# anyone knows any totally free software to convert CDA into mp3  ?



## reddragon (Sep 6, 2006)

anyone knows any totally free software to convert CDA into mp3  ?

I see all shareware . but I need a freeware .


----------



## ilugd (Sep 6, 2006)

any ripping software
Windows media player 11, dbpoweramp, audiograbber and more
just google for freeware ripping software


----------



## it_waaznt_me (Sep 6, 2006)

Try QcdPlayer .. You can save as Mp3Pro too with Qcd ..


----------



## Stalker (Sep 6, 2006)

if u have nero 6 installed, u can try the wav editor.
otherwise use audiograbber, WMP 11 etc


----------



## 56561 (Sep 6, 2006)

thats a good suggstion STALKER ,


----------



## Ch@0s (Sep 8, 2006)

The best ripping software around is Exact Audio Copy (EAC for short) by miles... I mean miles.

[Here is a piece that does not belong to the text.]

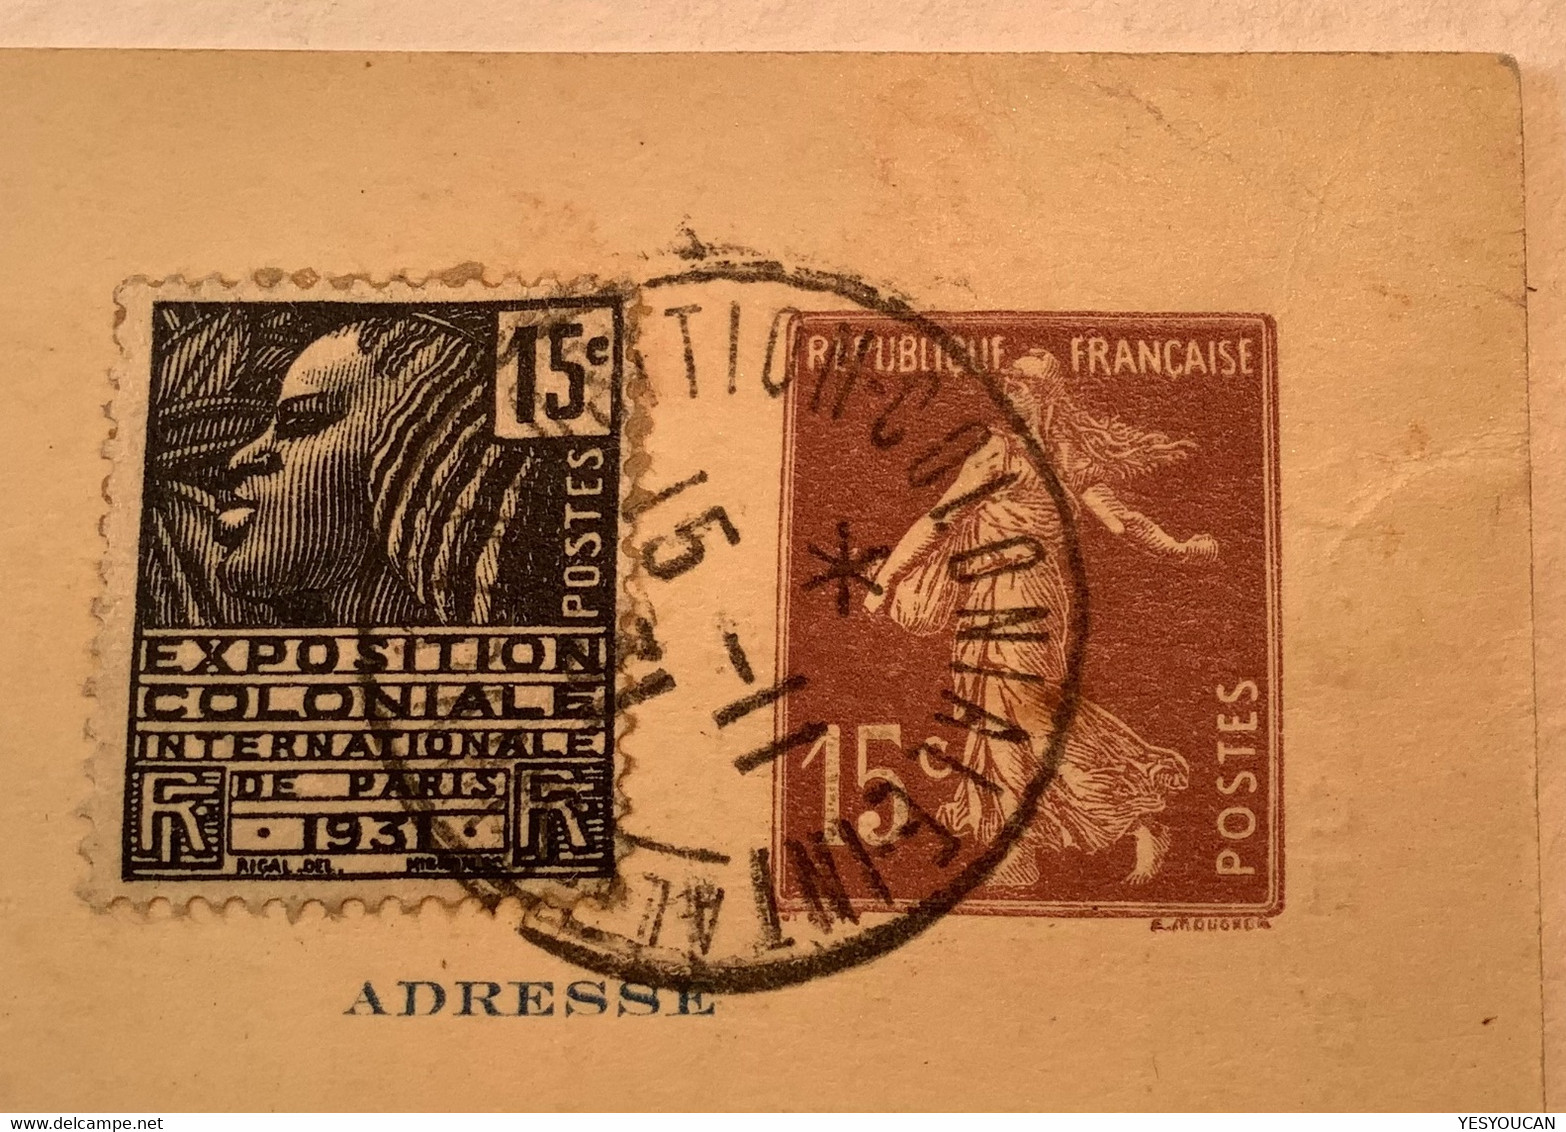 1931France Entier Postal15c Semeuse TSC EXPOSITION COLONIALE INTERNATIONALE PARIS#4-AEF AFRIQUE OCCIDENTALE FRANÇAISE - Standard- Und TSC-AK (vor 1995)

You can make out the difference between WAV files ripped by EAC and other cd rippers easily if you have the right equipment. For compressing, just download the latest build of lame. All other commercial progs use it anyway .


----------



## ranjikvp (Sep 8, 2006)

Ch@0s thanks for that suggestion man, this is good. Thanks
*www.exactaudiocopy.de/


----------



## romeo_8693 (Sep 8, 2006)

the best and the ultimate in the business:RAZORLAME....it rocks and its opensource....


----------



## cosx (Oct 5, 2006)

a totally free s/w to rip cd audio to mp3 is 
CD Ex
here it is ::
"hxxp://sourceforge.net/projects/cdexos/"


----------



## nishant_nms (Oct 5, 2006)

even windows media player will do that


----------



## Tanmay (Oct 5, 2006)

Yeah man Media Player 10 or 11 will be able to do that.

Follow this : *tinyurl.com/4kywq


----------